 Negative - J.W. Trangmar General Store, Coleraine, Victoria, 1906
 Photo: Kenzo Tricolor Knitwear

--

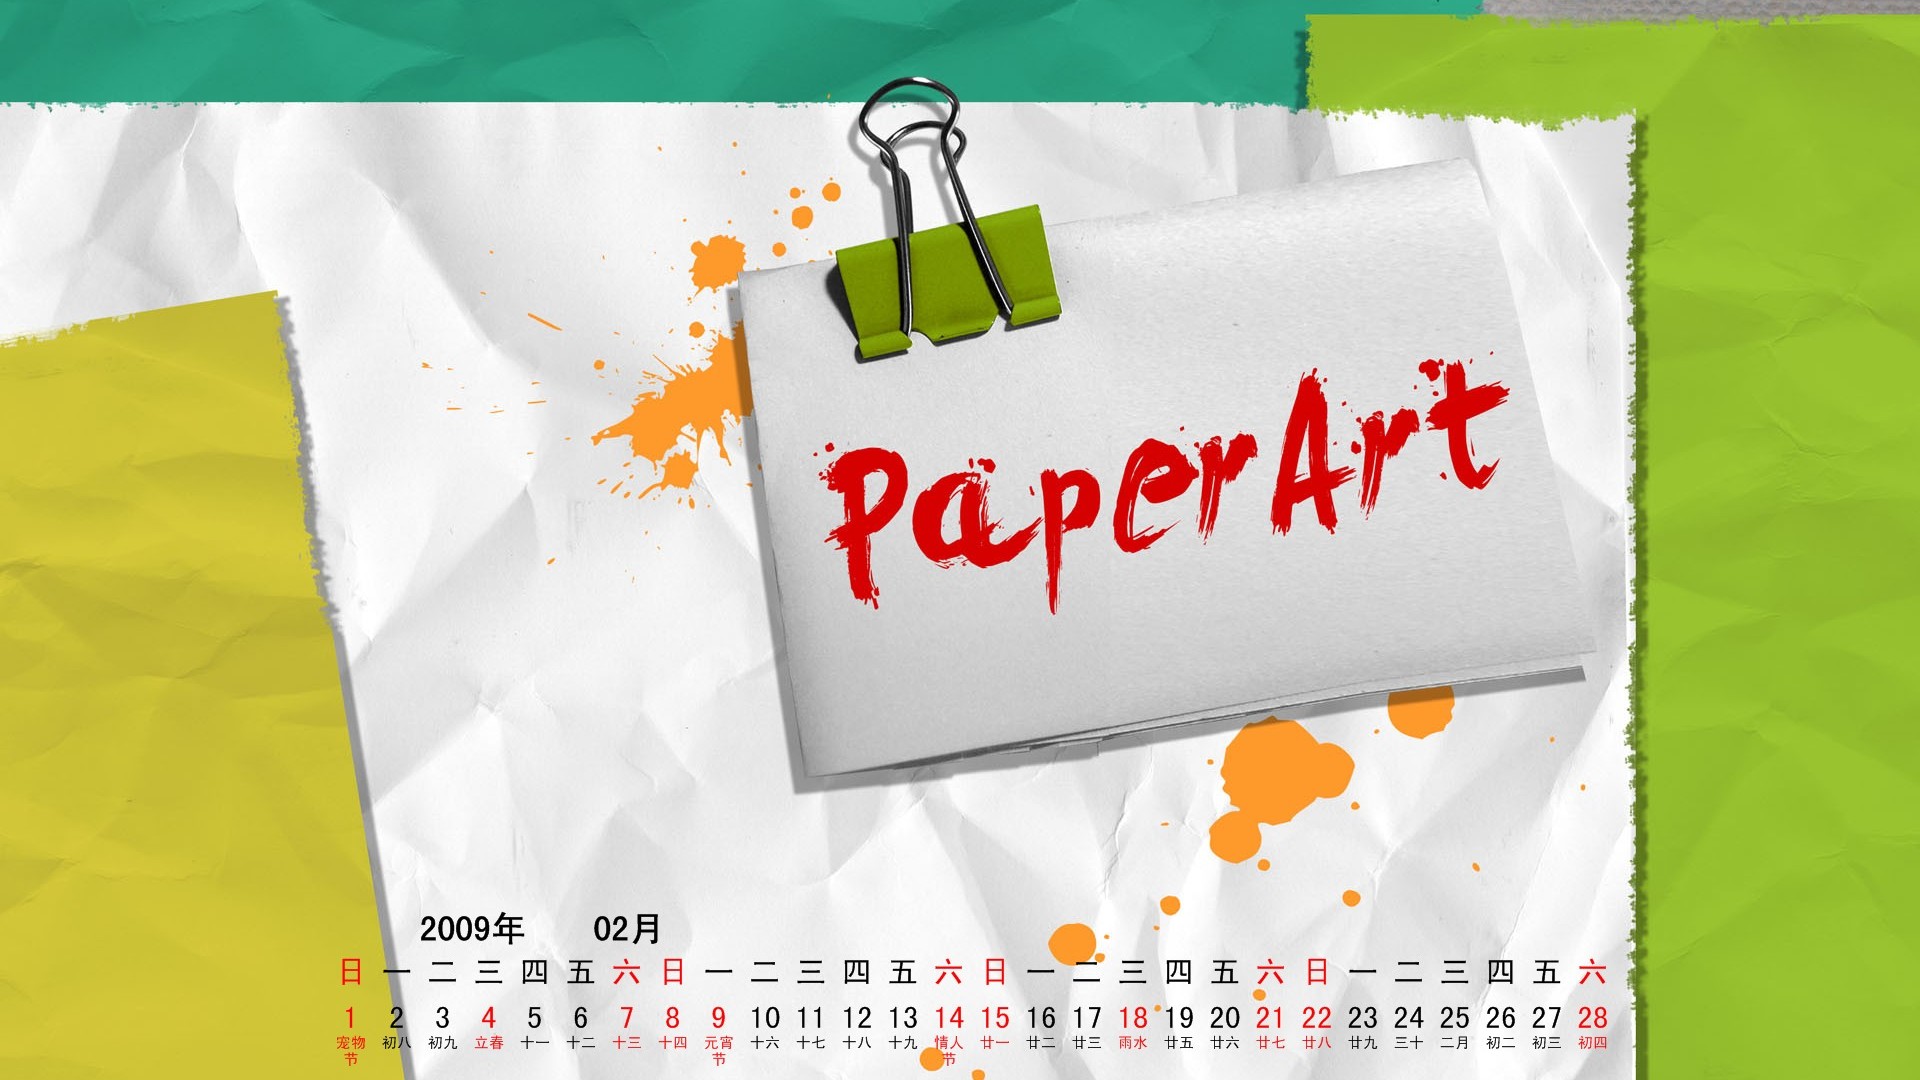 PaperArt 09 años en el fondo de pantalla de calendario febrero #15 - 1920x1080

> **Your objective**:
For the material above, reproduce exactly the lines from the line with "Negative - J.W." to the line with "Photo: Kenzo Tricolor Knitwear", inclusive, and exclude all others.

> **Exercise answer**:
 Negative - J.W. Trangmar General Store, Coleraine, Victoria, 1906
 Photo: Kenzo Tricolor Knitwear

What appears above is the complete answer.